P.S. I’m interested to see your post on ULC and profits. Those who have followed those numbers know we are witnessing the setting of new superlatives for the post WW II period.
Food perspective – (December to January and Year over year):
* Ground beef up 6.8 percent month over month, and 11.1 pct year over year.
* Butter, up 3.2 percent monthly and a stunning 27 percent over the past year.
* Coffee, up 6.5 percent and 16 percent.
* Potatoes, up 3.6 percent and 7.1 percent.
* Lettuce actually fell 5 percent monthly after a spike higher in December, but is up 5 percent over the past year.
* Bread up 1 percent and 3 percent.
* Chicken up 0.8 percent. and 4.3 percent .
* Egg prices have been fairly steady.
* Milk, down slightly month over month, but up 2 percent year over year.
Good news for wine:
Down 27.6 percent in the one-month period, and down 6.9 percent for the 12-month period.
Well done, Mcwop.
Thank you Mcwop for furthering the food inflation story – Japan, for example, is just food and energy inflation. January core inflation is -0.6! Deflation plus food and energy (non-discretionary) inflation; man, imagine what that’s going to do to consumer spending!
The way I see food and energy inflation is a ‘damned if you do’ story. Central banks that react to this kind of supply-side shock to prices doubly restrict demand when they hike rates in response to this kind of ‘bad’ inflation.
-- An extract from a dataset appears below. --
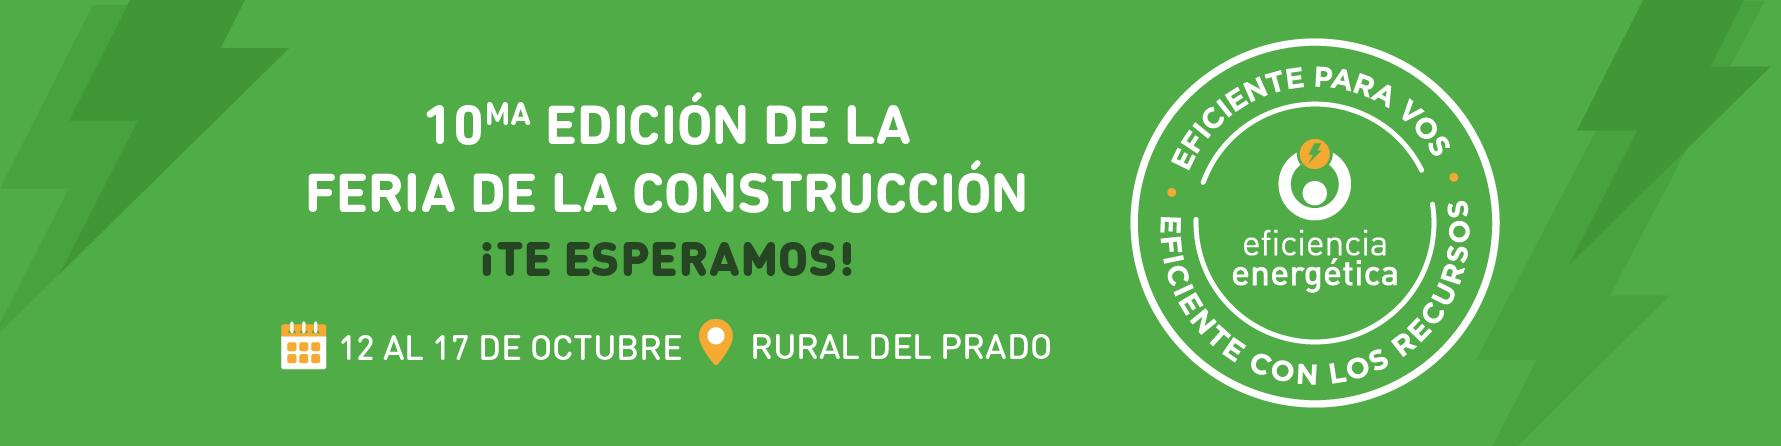 Feria de la Construcción 2019

That’s what happened in 2008 (along with other things, of course).
Michael Schuman has a good piece today at the Curious Capitalist today.
Rebecca
Of course poorer countries will notice tiny changes in food prices. The US not so much. Need to find rice and wheat prices.
Depending on grain and country rice up 5-15% this year. Thai rice up most
Since we talking about food, how has weather and climate created shortages impacted prices? I read about the drought in China and see figures projecting a third less from previous harvests. Not to mention floods and such elsewhere the last two years.
Mark Perry at Carpe Diem had a chart about a week ago on items coming down in price over last year. I couldn’t find it to link. There are problems with his list of manufactured items perhaps. I have problems too when there are rapid changes in technology that indicate (say a laptop) is cheaper because it is much more ‘powerful’ this year than last and the same price approx. I know why the methodology is used but when does it become moot…or does it in the macro level?
How much are commodities of the whole cost of producing items?
I do believe food, gas, and heating oil take a larger bite out of household income for those who have this as a major part of their expenses. In our family budget I would estimate a 25% increase in a basket of food items….a lot of prices have remained stable but there are reductions in quantity actually bought masked by packaging changes.
Gas of course has jumped almost 20 cents a gallon in the last two weeks and heating oil to almost $4/bbl which is a spike, but is oil staying higher this time round.
I think I will substitute wine for coffee from now on. Started today…hmmm, my writing has improved too. Thanks for the tip McWop. 🙂
No wonder people are very confused about the definition of inflation.
Actually this is another excellent post Rebecca.
http://moneywatch.bnet.com/economic-news/blog/maximum-utility/the-feds-hawkish-stance/1193/
Mark Thoma presents this reasoning
Big thing rdan is food prices are very relative to income level and locale. Current increases won’t be felt here, but in Egypt or Sudan small increases are devastating. It will affect us because of foreign instability.